PMC

GENOME ANNOUNCEMENT

Escherichia coli BL21 i BL21(DE3), stworzone przez F. Williama Studiera i Barbarę A. Moffatt (1), są powszechnie stosowanymi szczepami laboratoryjnymi do produkcji białek rekombinowanych. Brak proteaz lon i ompT, często uważanych za wspólne cechy linii B, przyczynił się do rozwoju tych szczepów jako gospodarzy do ekspresji białek. E. coli BL21(DE3), pochodna BL21, jest prawdopodobnie najszerzej stosowana w wysokopoziomowej ekspresji białek rekombinowanych, a jej nośnikiem jest profag DE3 pochodzący z bakteriofaga λ, który przenosi gen polimerazy T7 RNA pod kontrolą promotora lacUV5. E. coli BL21 jest rutynowo używana do ekspresji nie-T7, a ostatnio została również zmodyfikowana do produkcji szczepionki z plazmidowym DNA, ze względu na jej lepszą wydajność w hodowlach wsadowych o wysokiej gęstości komórek w porównaniu do szczepów K-12 (2).

Sekwencja genomu E. coli BL21(DE3) została wcześniej określona przez nasz instytut (3).
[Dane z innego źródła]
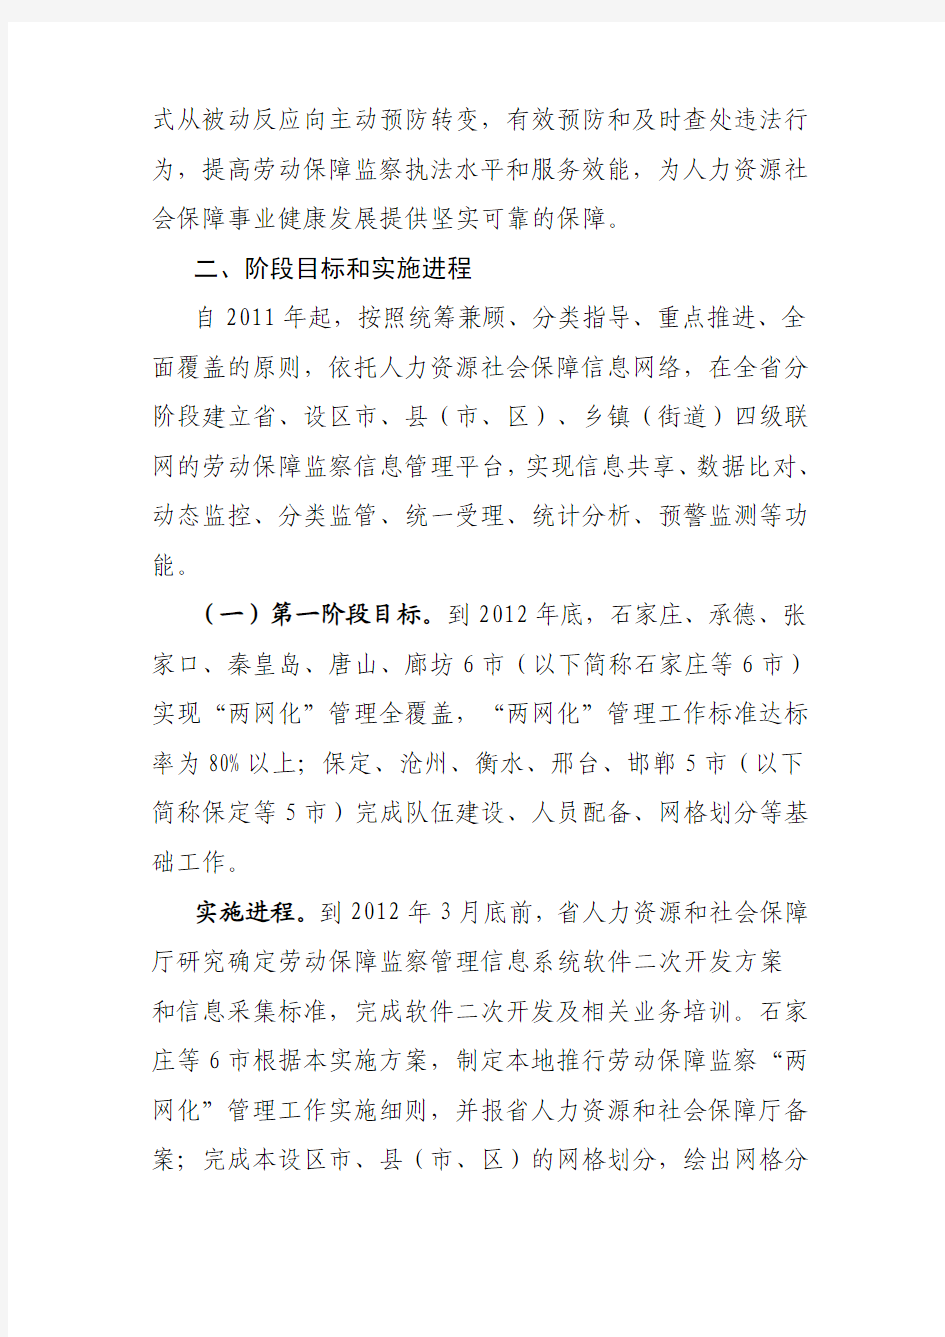 河北省全面推进劳动保障监察两网化管理工作实施方案

W zasadzie, sekwencja genomu BL21 byłaby identyczna z sekwencją BL21(DE3), z wyjątkiem profaga DE3. Jednakże, mogą wystąpić różnice między stadami, które mogą mieć poważne konsekwencje dla eksperymentów (4). Mając informacje o genomie E. coli BL21(DE3) jako odniesienie, skonstruowano pełną sekwencję genomu BL21 używając jedynie sekwencjonowania następnej generacji i zidentyfikowano różnice genomowe baza po bazie.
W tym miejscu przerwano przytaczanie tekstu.